DATASET SECTION →
┄┄┄┄┄┄┄┄┄┄

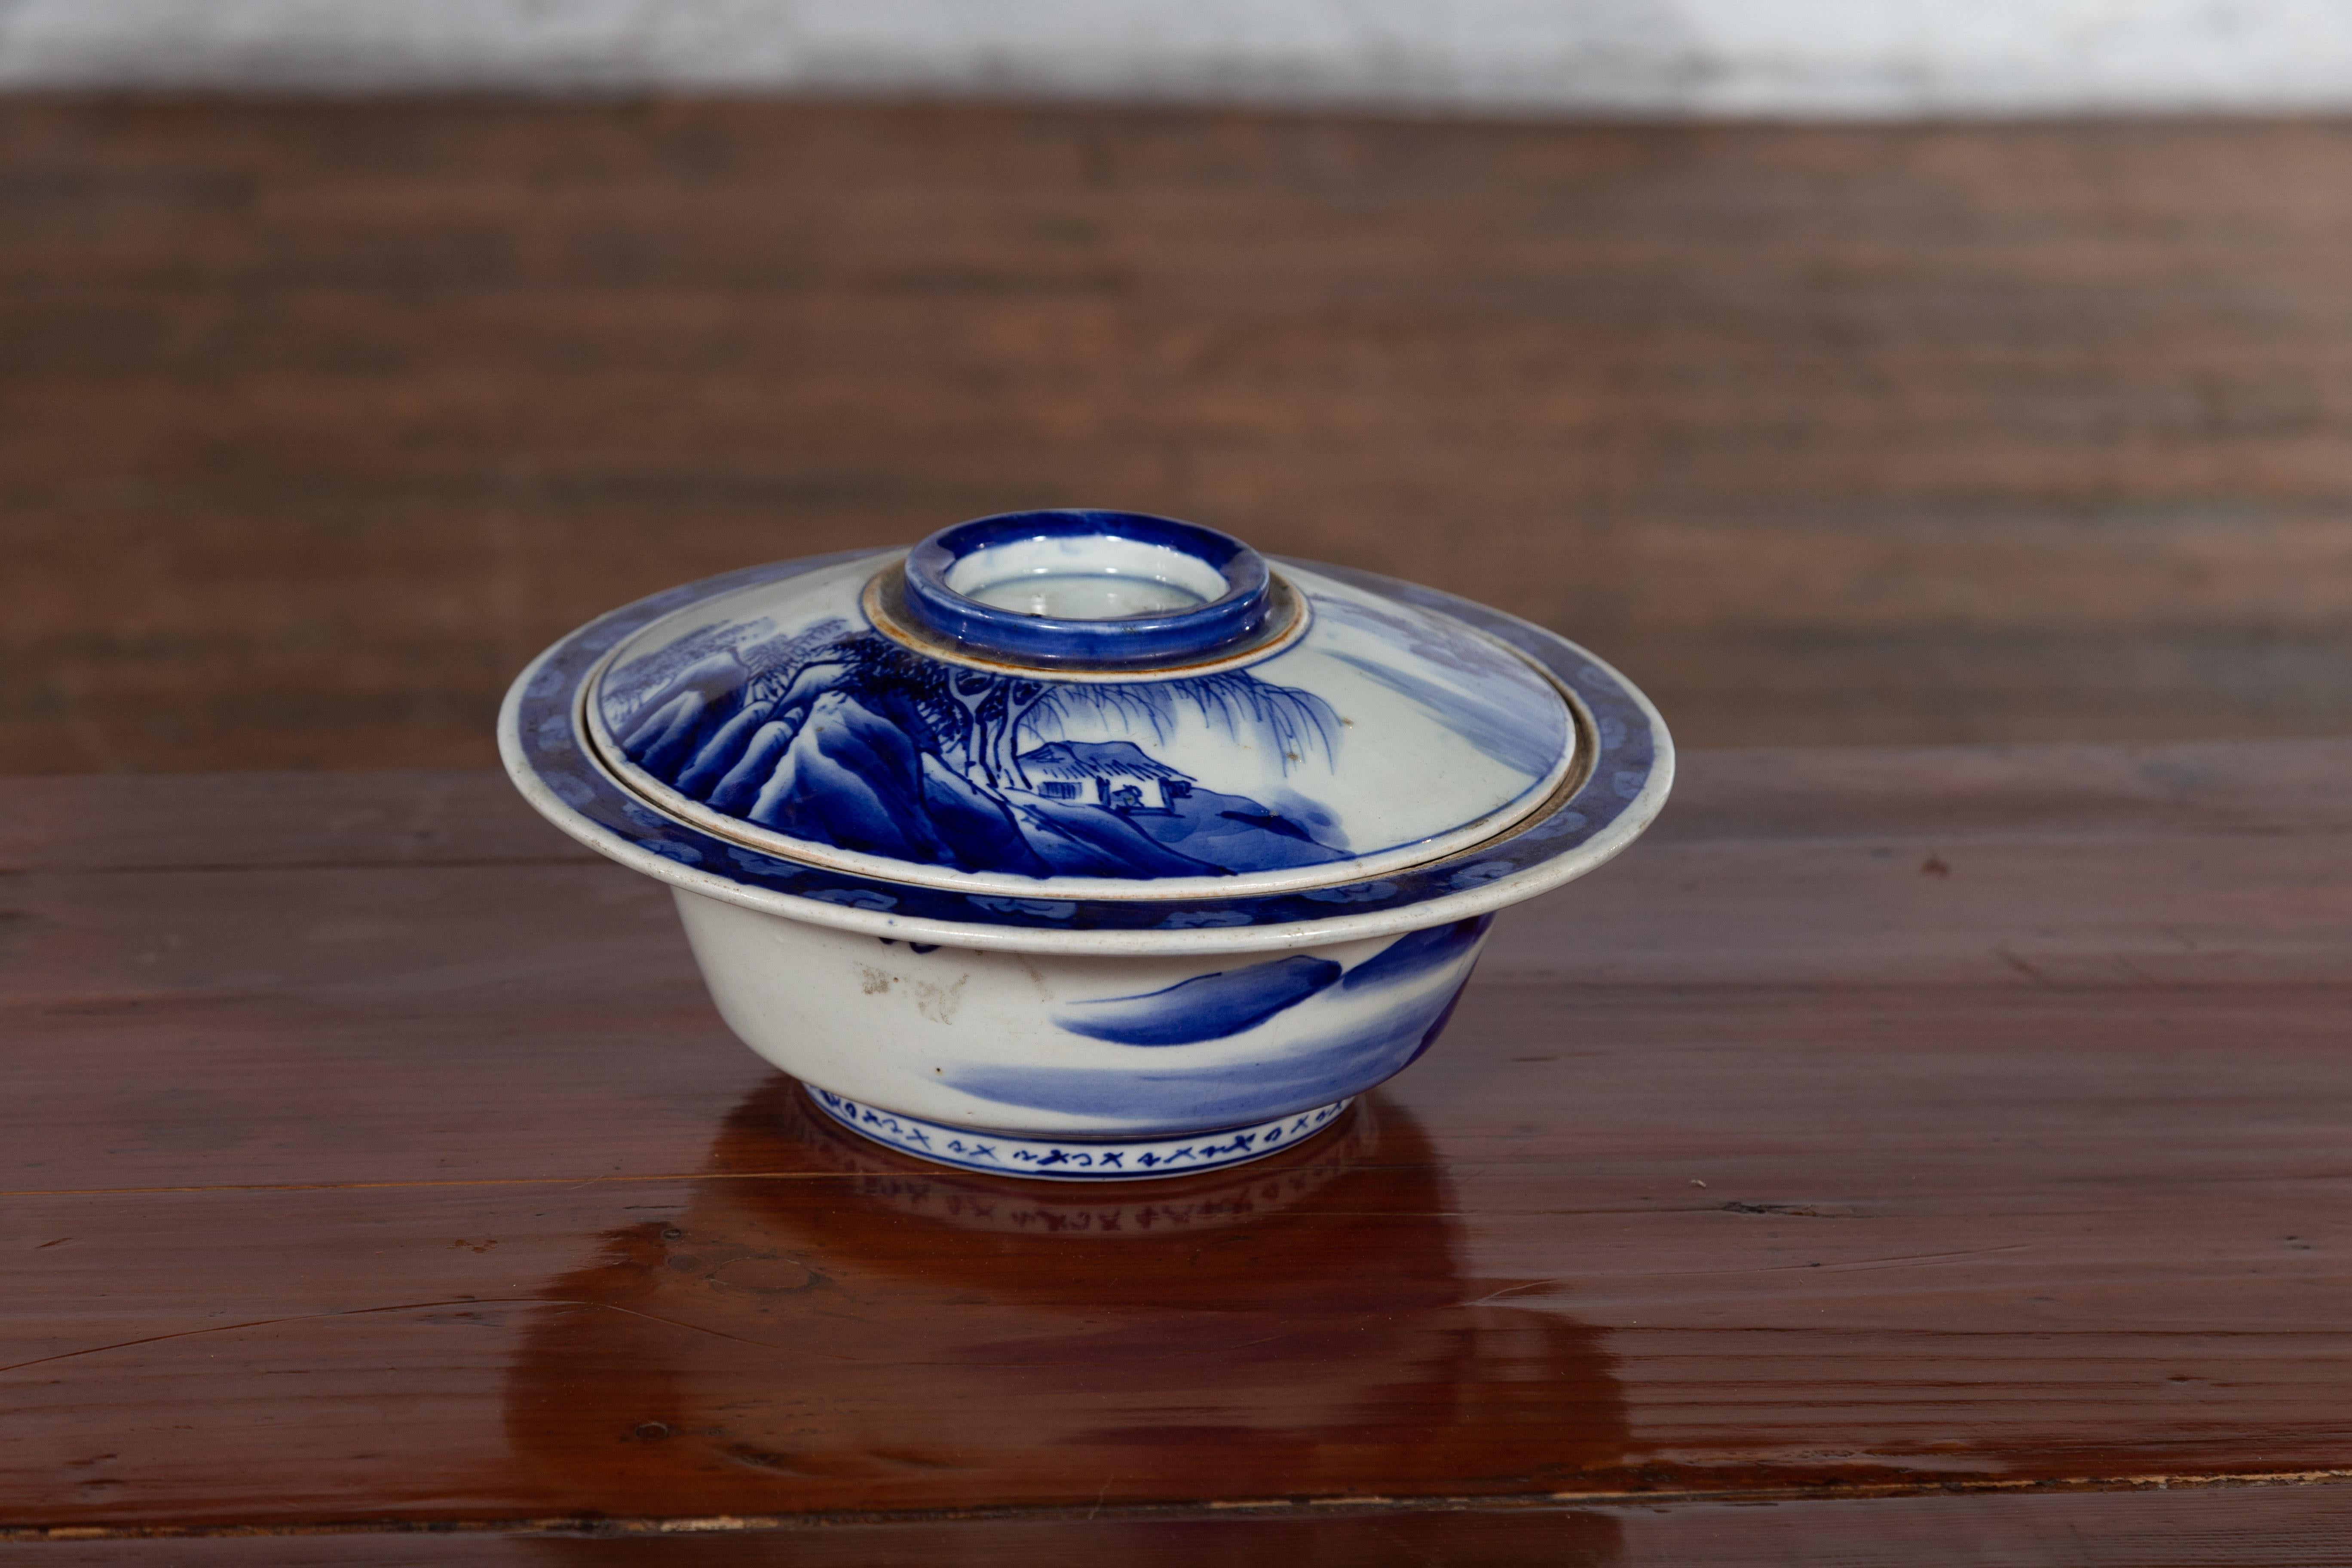 Japanese Seto Porcelain Vegetable Bowl with Hand-Painted Blue and White Décor In Good Condition For Sale In Yonkers, NY
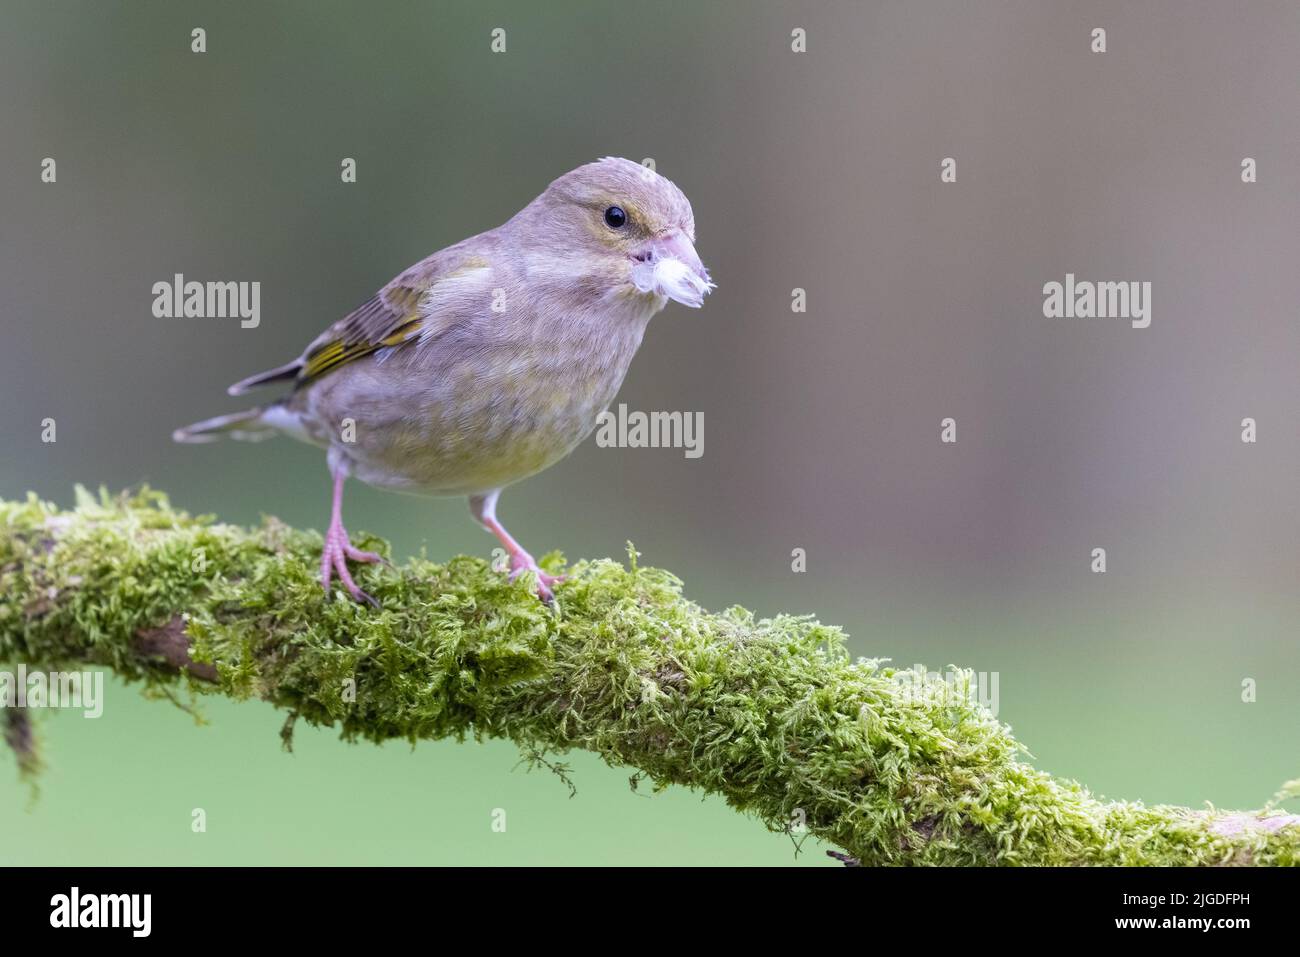 Female Greenfinch [ Chloris chloris ] on mossy branch with white feather in its beak and out of focus background Stock Photo
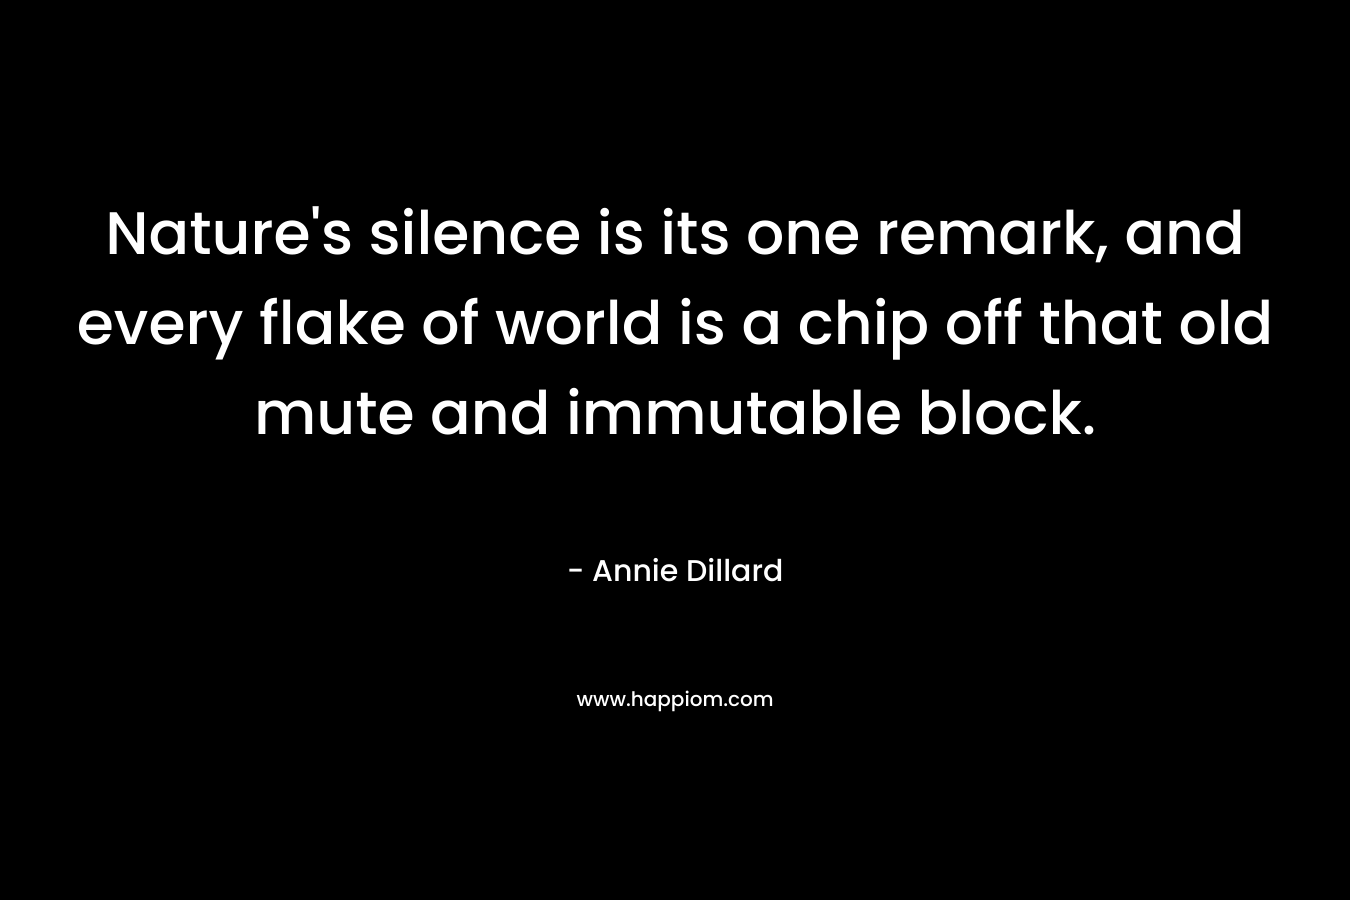 Nature’s silence is its one remark, and every flake of world is a chip off that old mute and immutable block. – Annie Dillard

┄┄┄┄┄┄┄┄┄┄

Print the full listing again exactly, and drop every image from it.

ANSWER AREA →
 Japanese Seto Porcelain Vegetable Bowl with Hand-Painted Blue and White Décor In Good Condition For Sale In Yonkers, NY
 Female Greenfinch [ Chloris chloris ] on mossy branch with white feather in its beak and out of focus background Stock Photo
 Nature’s silence is its one remark, and every flake of world is a chip off that old mute and immutable block. – Annie Dillard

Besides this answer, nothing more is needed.